Bacterial strains and plasmids used in this study.

Designation	Relevant Feature	Ref. or Source
Strain
M. xanthus
DK1622	Wild type
DK10410	DK1622, ΔpilA, missing PilA	[41]
MXH2265	DK1622, ΔaglZ, deficient in A-motility	[33]
SW2022	DK1622, ΔaglZ, ΔpilA	[14]
YL6101	DK1622, ΔpilA, containing pTZG-1	This study
YL6102	DK1622, ΔpilA, containing pTZG-2	This study
YL6103	DK1622, ΔpilA, containing pTZG-3	This study
YL6104	DK1622, ΔpilA, containing pTZG-4	This study
YL6105	DK1622, ΔpilA, containing pZJY41	This study
YL6106	DK1622, ΔpilA, containing pTZG-5	This study
YL6111	DK1622, ΔaglZ, ΔpilA, containing pTZG-1	This study
YL6112	DK1622, ΔaglZ, ΔpilA, containing pTZG-2	This study
YL6113	DK1622, ΔaglZ, ΔpilA, containing pTZG-3	This study
YL6114	DK1622, ΔaglZ, ΔpilA, containing pTZG-4	This study
YL6115	DK1622, ΔaglZ, ΔpilA, containing pZJY41	This study
YL6116	DK1622, ΔaglZ, ΔpilA, containing pTZG-5	This study
S . aurantiaca
DSM17044	Type strain for S . aurantiaca , ATCC 25190	[24]
E. coli
DH5α	Host for cloning	[61]
Plasmid
pZJY41	Shuttle vector in E. coli-M. xanthus; Kanr Ampr	[32]
pTZG-1	PSPMx and pilA Sa1 fusion fragment in pZJY41*	This study
pTZG-2	PSPMx and pilA Sa2 fusion fragment in pZJY41	This study
pTZG-3	PSPMx and pilA Sa3 fusion fragment in pZJY41	This study
pTZG-4	PSPMx and pilA Sa4 fusion fragment in pZJY41	This study
pTZG-5	PSPMx and pilA Mx fusion fragment in pZJY41*	This study

pilA Mx stands for pilA in DK1622, PSPMx stands for promoter and signal peptide sequence of pilA gene in DK1622, and pilA Sa stands for pilA in DSM17044.

Figure 5

Tracking motility of strains containing pilA genes in 1% methycellulose solution.

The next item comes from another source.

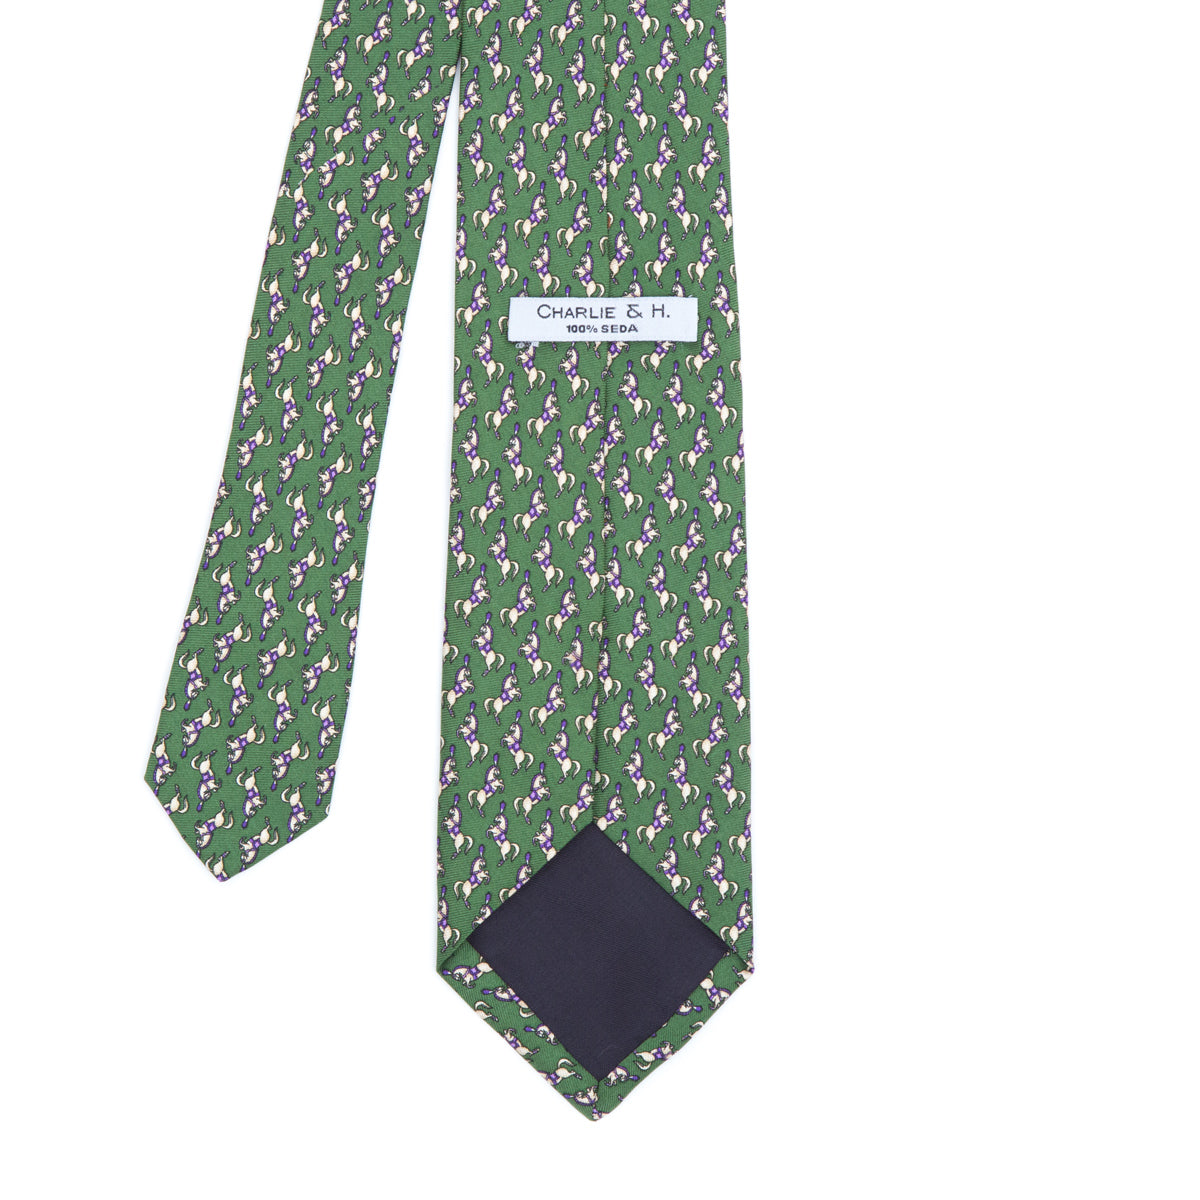 Stable tie

Different cells were submurged in 1% methylcellulose solution and cell movements were recorded by time lapse photography. Motility and trajectories of 10 isolated cells were analyzed. Data are presented as tracking plots (panel A) and as diagrams (panel B). In panel A, a static synthetic view of cell motility tracks was generated as described in the Materials and Methods, and one color was applied for each trajectory. In panel B, the red lines show the average velocitis of respective strains.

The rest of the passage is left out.